The mechanism of the acute increase in plasma albumin content after exercise has not yet been defined. The increase in plasma albumin content within the first hour after intense exercise is likely due to a mobilization of interstitial albumin because it occurs too rapidly to be accounted for by the changes in albumin synthetic (28) or degradation rate or in transcapillary escape rate of albumin (12). Senay (23) postulated that an increase in plasma albumin content after exercise in a hot environment is the consequence of a rapid shift of protein from the cutaneous interstitial to the intravascular space via the lymphatic system. Schad and Brechtelsbauer (22) reported that walking elevated lymph flow and lymph protein transport by 100 and 50% of the resting rates, respectively, with the lymph albumin-to-globulin ratio increased by 25%. Because the ratio of albumin to total protein in thoracic lymph is similar to the ratio in plasma at rest (1), the increase in intravascular protein during exercise is primarily albumin. Thus greater lymph return appears to be a possible mechanism for the immediate increase in plasma albumin content after exercise in Up.

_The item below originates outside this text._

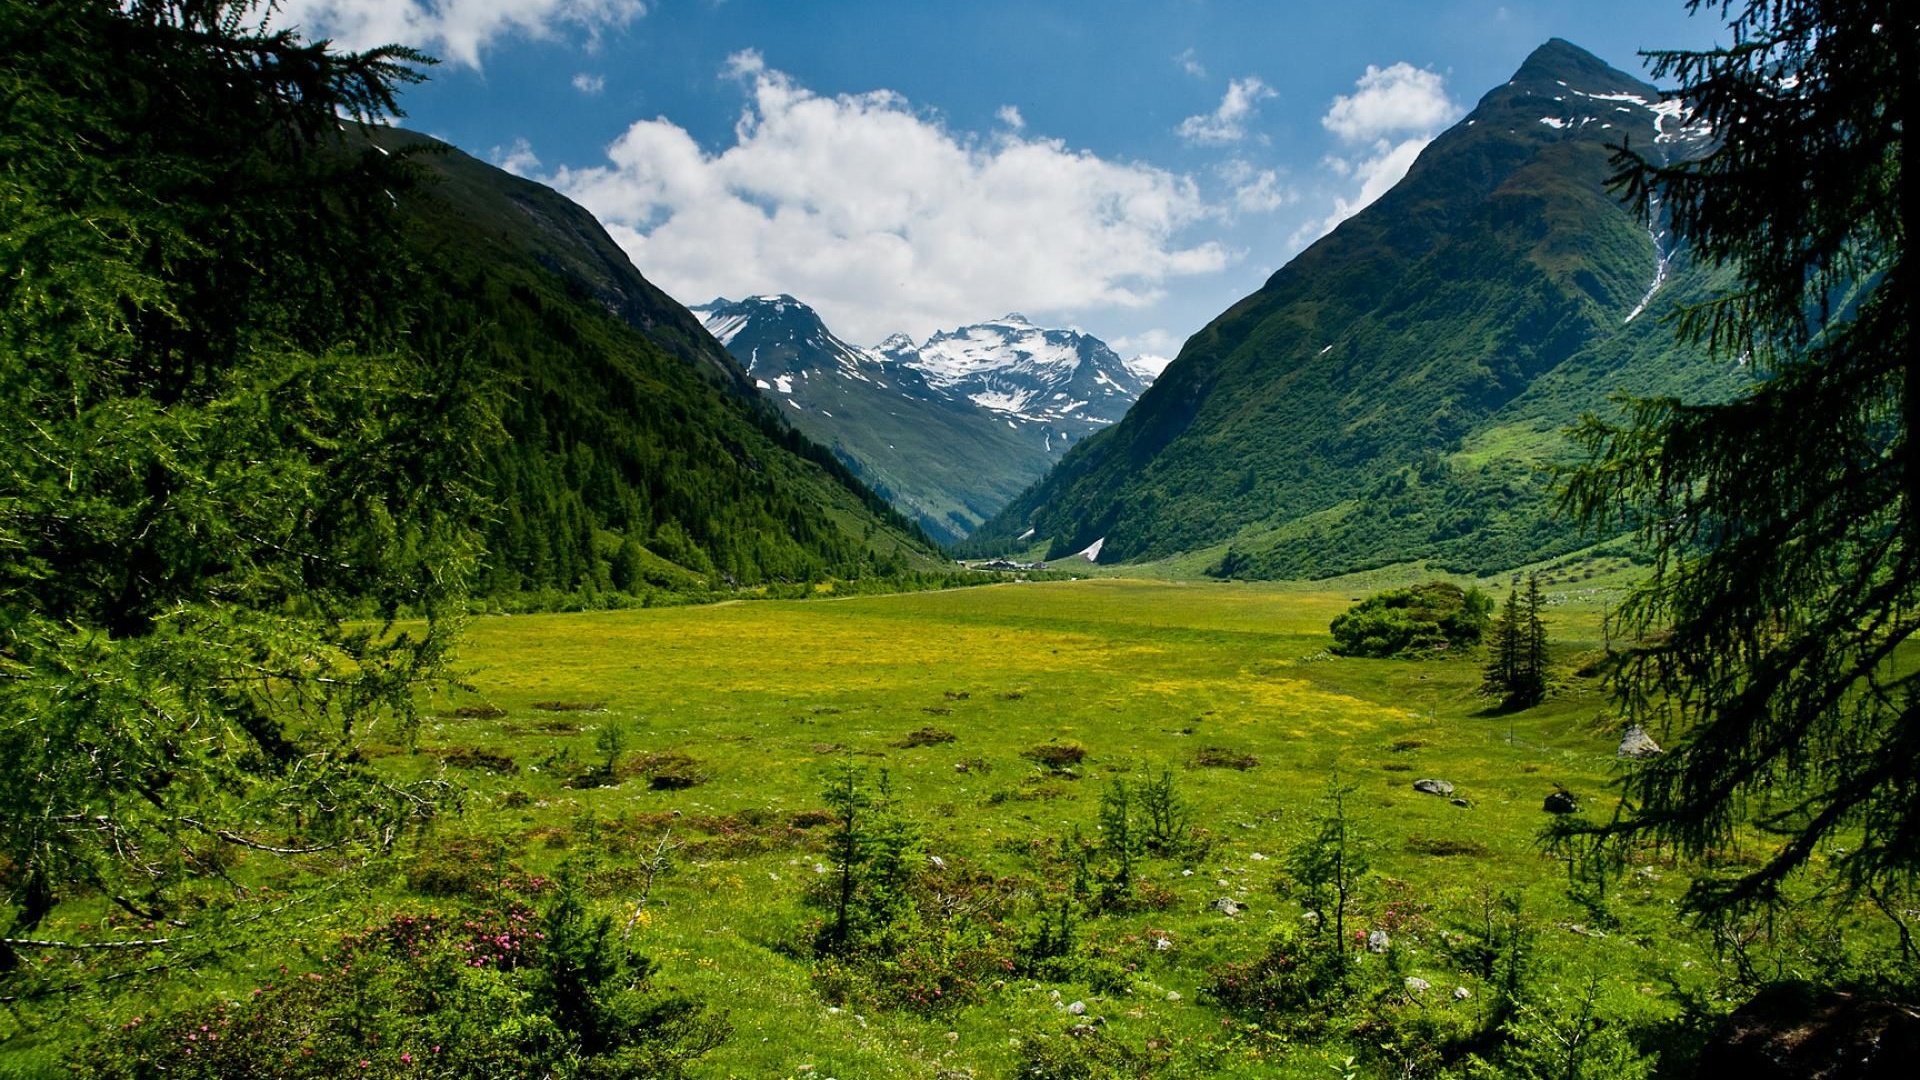 Hohe Tauern National Park Tyrol Austria Fantastic World Mountains Resort Nature Landscapes
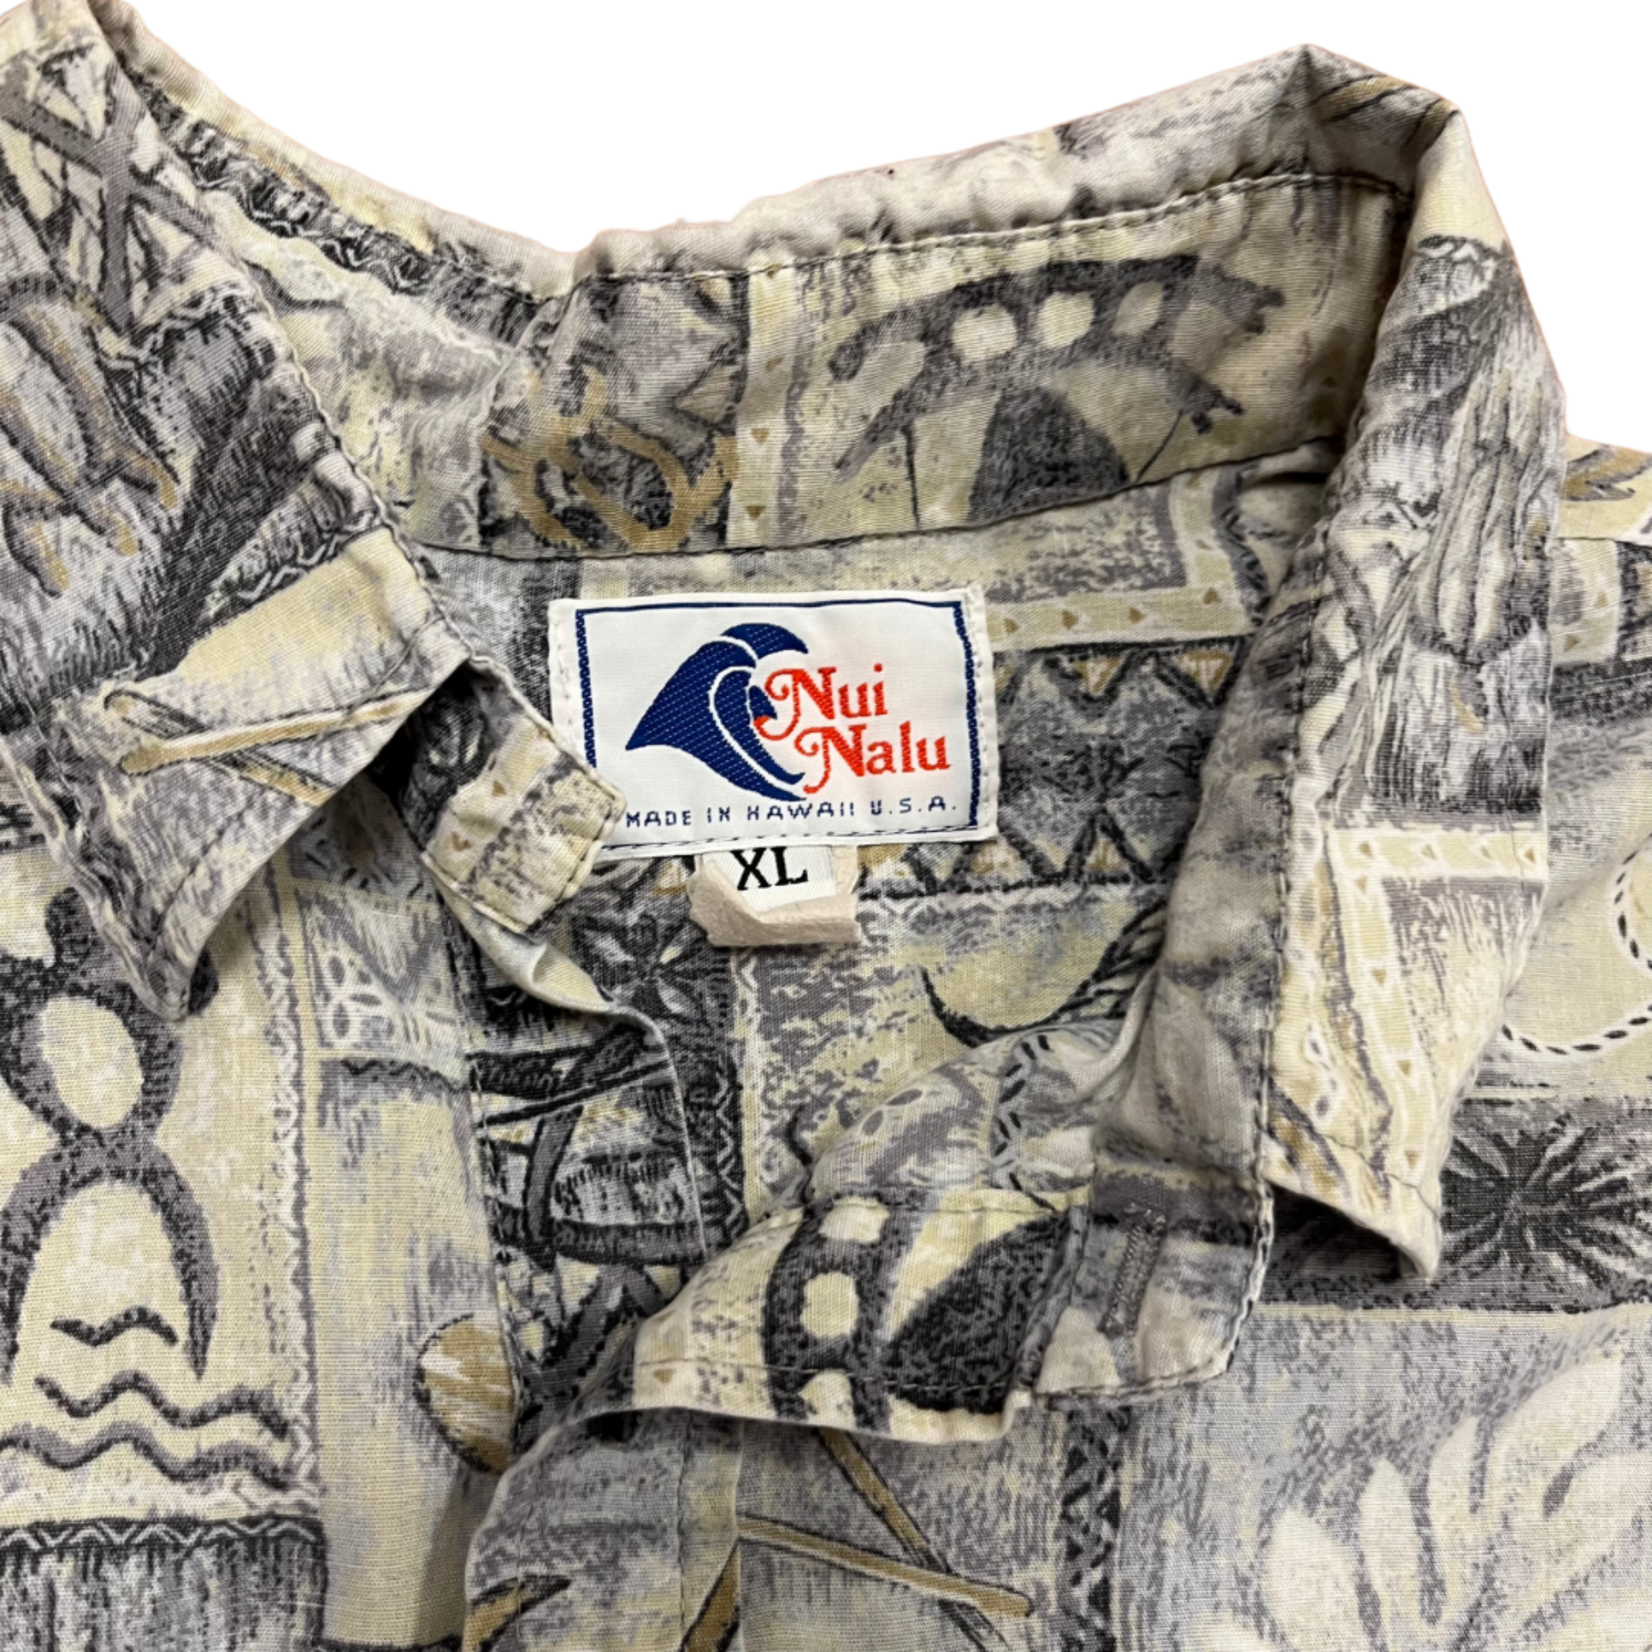 Mission Zero Men’s Vintage Aloha Shirt - Nui Nalu - Throw Net, Canoe, Fishhook - XL

Szabo and Magyar (25) showed that thoracic duct lymph flow was inversely related to the outflow pressure, which is similar to right atrial pressure (RAP). Although we did not measure RAP in this study, plasma ANP is correlated with RAP (15). The higher level of ANP in Sup than in Up might then reflect a greater outflow pressure in Sup than in Up. Therefore, Sup would suppress lymph return into the intravascular space during exercise, resulting in the unchanged plasma protein content.

In Up, plasma albumin content was increased by 2 h of recovery but then became reduced from this level by 0.05 g/kg body wt at 5 h of recovery (Fig. 3). Assuming the additional albumin (0.13 g/kg body wt at 2 h of recovery) disappeared in a exponential manner during the 3-h period, the escape rate of albumin would be estimated at 11%/h, a value similar to that previously reported (21). If the albumin continued to escape from the intravascular space at the rate of 11%/h, the increase in plasma albumin content from control would have been only 0.01 g/kg body wt at 22 h of recovery instead of the observed 0.11 g/kg body wt increase. This calculation indicates that other mechanisms must also contribute to the maintenance of an increase in plasma albumin content after exercise, such as a decrease in the albumin escape rate (12) and/or an increase in albumin synthetic rate (28).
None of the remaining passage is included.